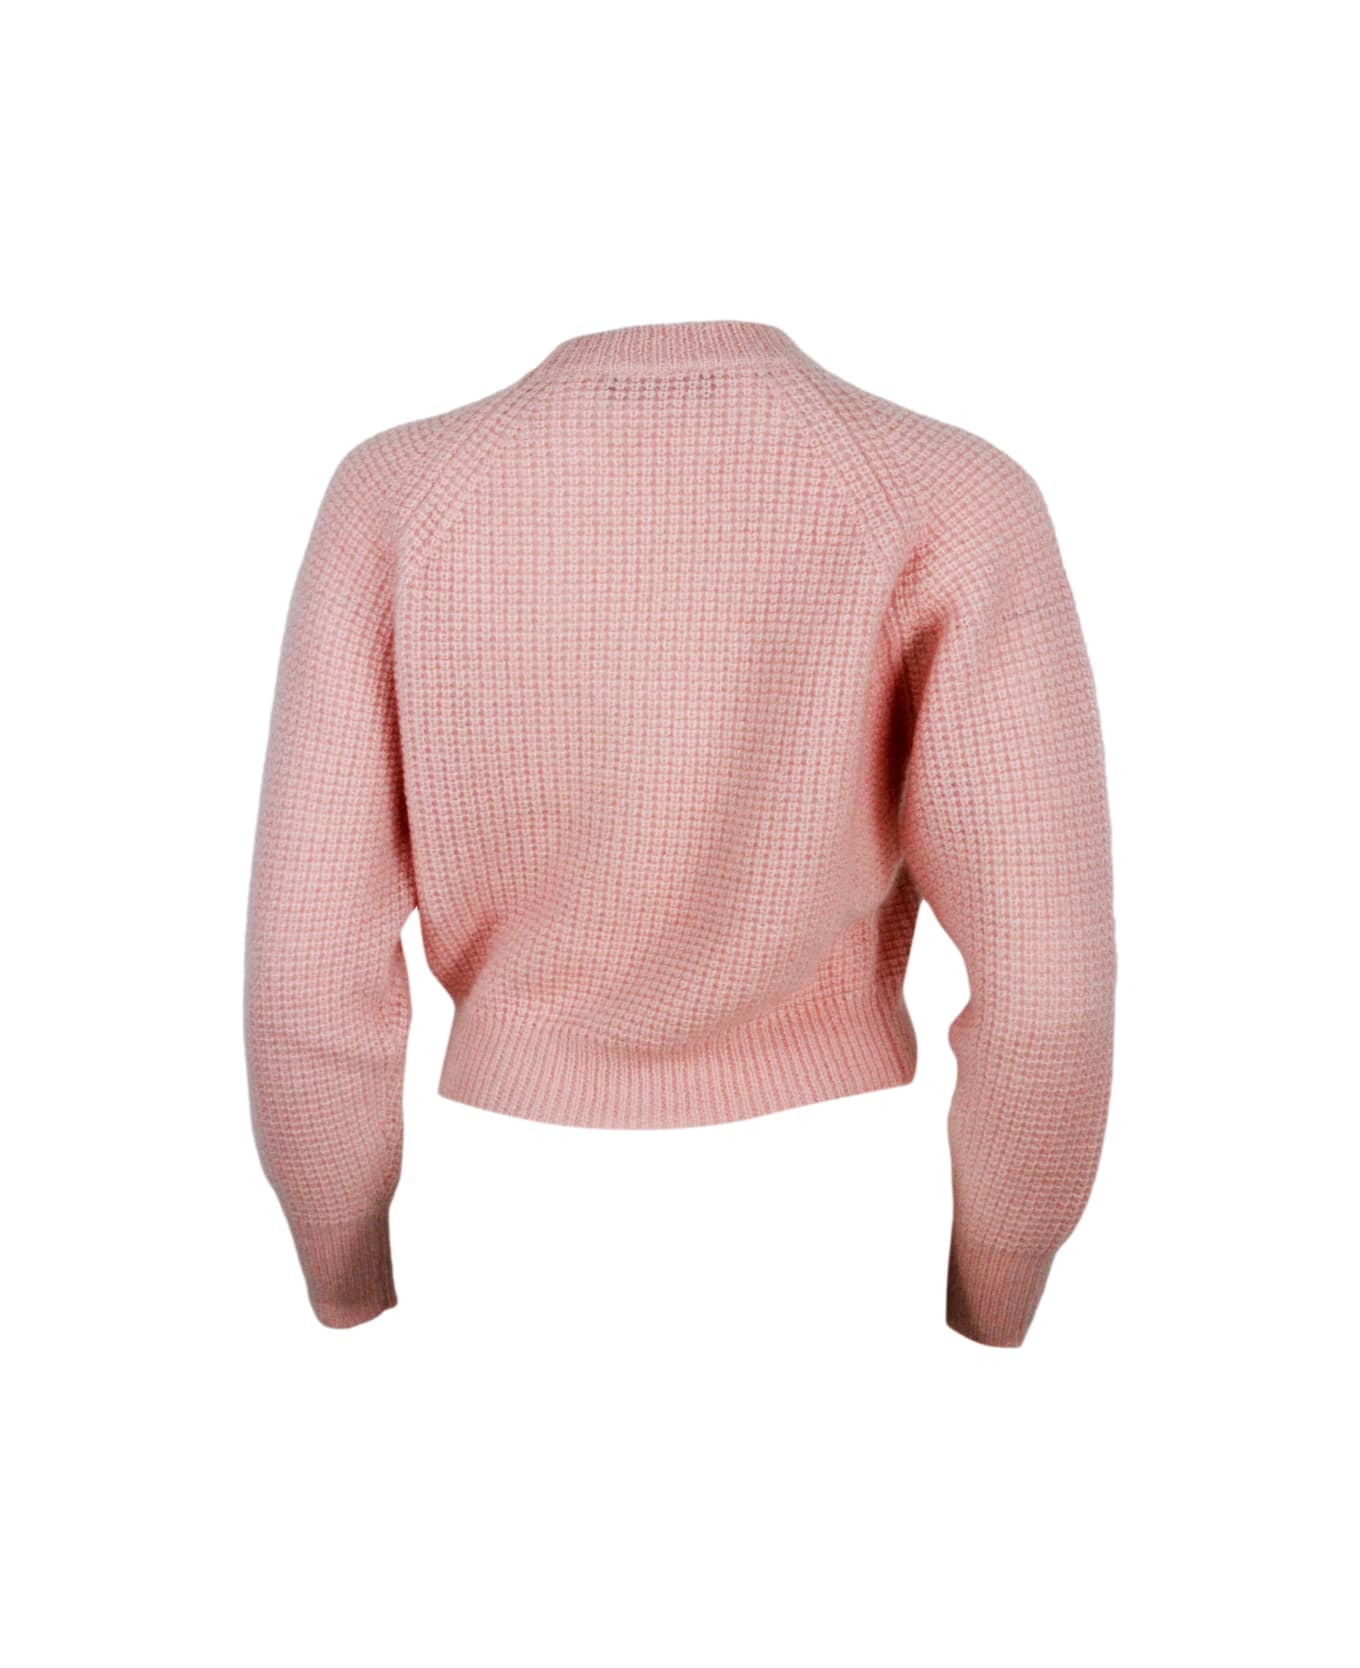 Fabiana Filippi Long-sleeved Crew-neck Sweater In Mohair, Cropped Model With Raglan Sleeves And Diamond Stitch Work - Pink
====
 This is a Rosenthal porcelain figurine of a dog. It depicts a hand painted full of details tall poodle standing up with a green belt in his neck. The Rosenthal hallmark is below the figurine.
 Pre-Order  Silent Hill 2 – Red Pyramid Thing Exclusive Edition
====
Your assignment.
Every line above from the line with "This is a Rosenthal" to the line with "Thing Exclusive Edition", both included, must be reproduced exactly, and no other line may appear.

Answer section.
 This is a Rosenthal porcelain figurine of a dog. It depicts a hand painted full of details tall poodle standing up with a green belt in his neck. The Rosenthal hallmark is below the figurine.
 Pre-Order  Silent Hill 2 – Red Pyramid Thing Exclusive Edition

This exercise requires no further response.